Merck to withdraw dangling accelerated approval for Keytruda in third-line stomach cancer
In a first for the dangling accelerated approvals reviewed by FDA’s oncology adcomm in April, Merck on Thursday afternoon agreed to pull a third-line stomach cancer indication for its blockbuster Keytruda after late-stage confirmatory trials failed to show clinical benefit.
This indication was just one of two (out of six total votes) negative votes from the outside experts at the meeting. ODAC voted 6-2 against keeping Keytruda as a third-line treatment for stomach cancer, and panelists pointed to the changing treatment landscape as earlier in April, another checkpoint inhibitor, Bristol Myers Squibb’s Opdivo, won full approval from the FDA and showed positive overall survival benefit as a first-line treatment for stomach cancer.
Rick Pazdur, FDA’s head of oncology, spoke up at the ODAC meeting on this indication, noting the unintended consequences of keeping Keytruda here as physicians might see checkpoint inhibitors as options in the first or third line, even though positive overall survival results have only been seen in the first line with Opdivo. And as more receive checkpoint inhibitors in the first-line setting, fewer will receive it in the third-line setting, said Steven Lemery, acting director of FDA’s Division of Oncology 3.
This accelerated approval for Keytruda first came in September 2017, but Keytruda still has three other accelerated approval indications in different types of stomach cancer, all of which were approved based on tumor response rate and durability of response.

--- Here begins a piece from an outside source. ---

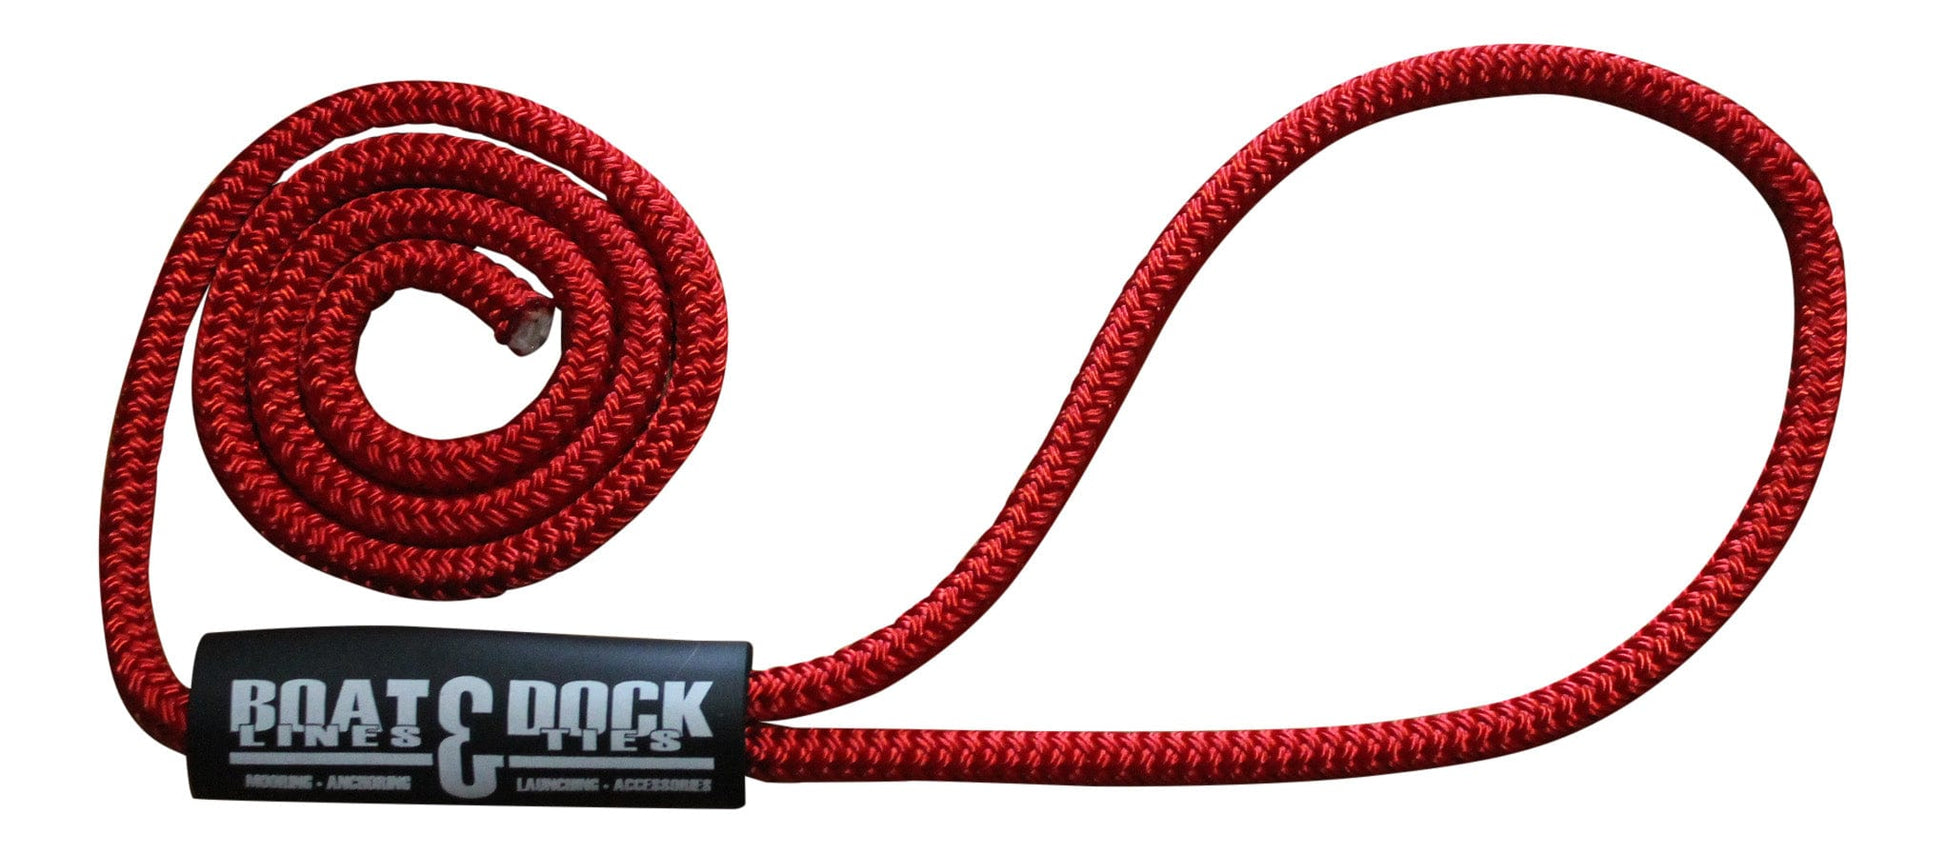 Boat Dock Fender Line - Premium Double Braided Nylon Rope, Made in USA- 2 pack - Boat Lines & Dock Ties Boat Lines & Dock Ties 4 Feet / Red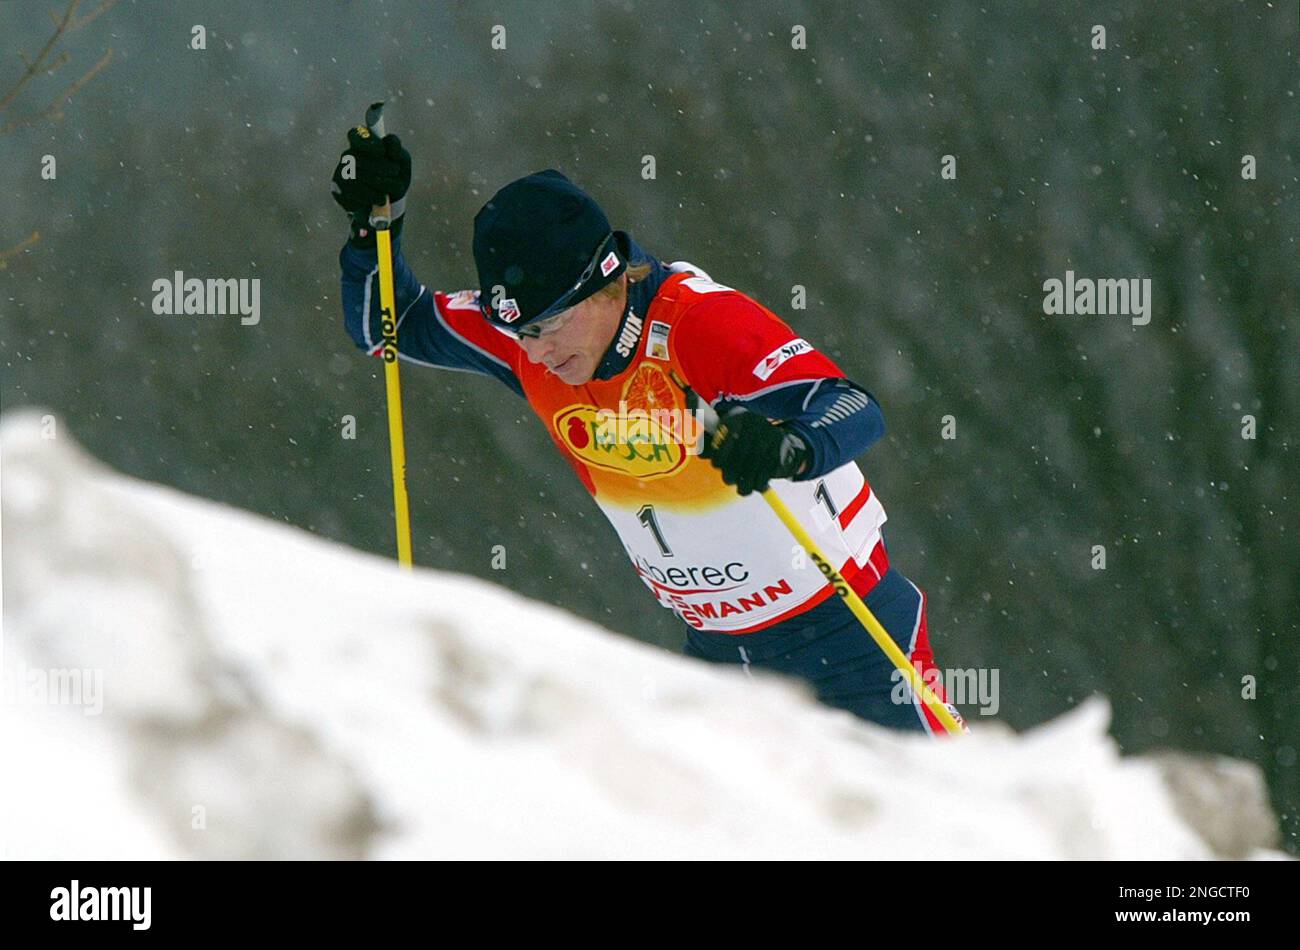 Todd Lodwick, of the U.S., climbs a hill during the Nordic Combined World  Cup event in Liberec, Czech Republic, on Sunday, Jan. 23, 2005. Lodwick  placed third behind Kristian Hammer from Norway

“While there remains an unmet need for heavily pre-treated patients with advanced gastric cancer, we recognize that the treatment landscape has evolved and we respect the FDA’s efforts to continually evaluate accelerated approvals,” Scot Ebbinghaus, VP of clinical research at Merck Research Laboratories, said in a statement.
Merck’s clinical program in gastric cancer includes three first-line Phase III trials, KEYNOTE-811, KEYNOTE-859 and LEAP-015, as well as KEYNOTE-585 in the neoadjuvant and adjuvant setting.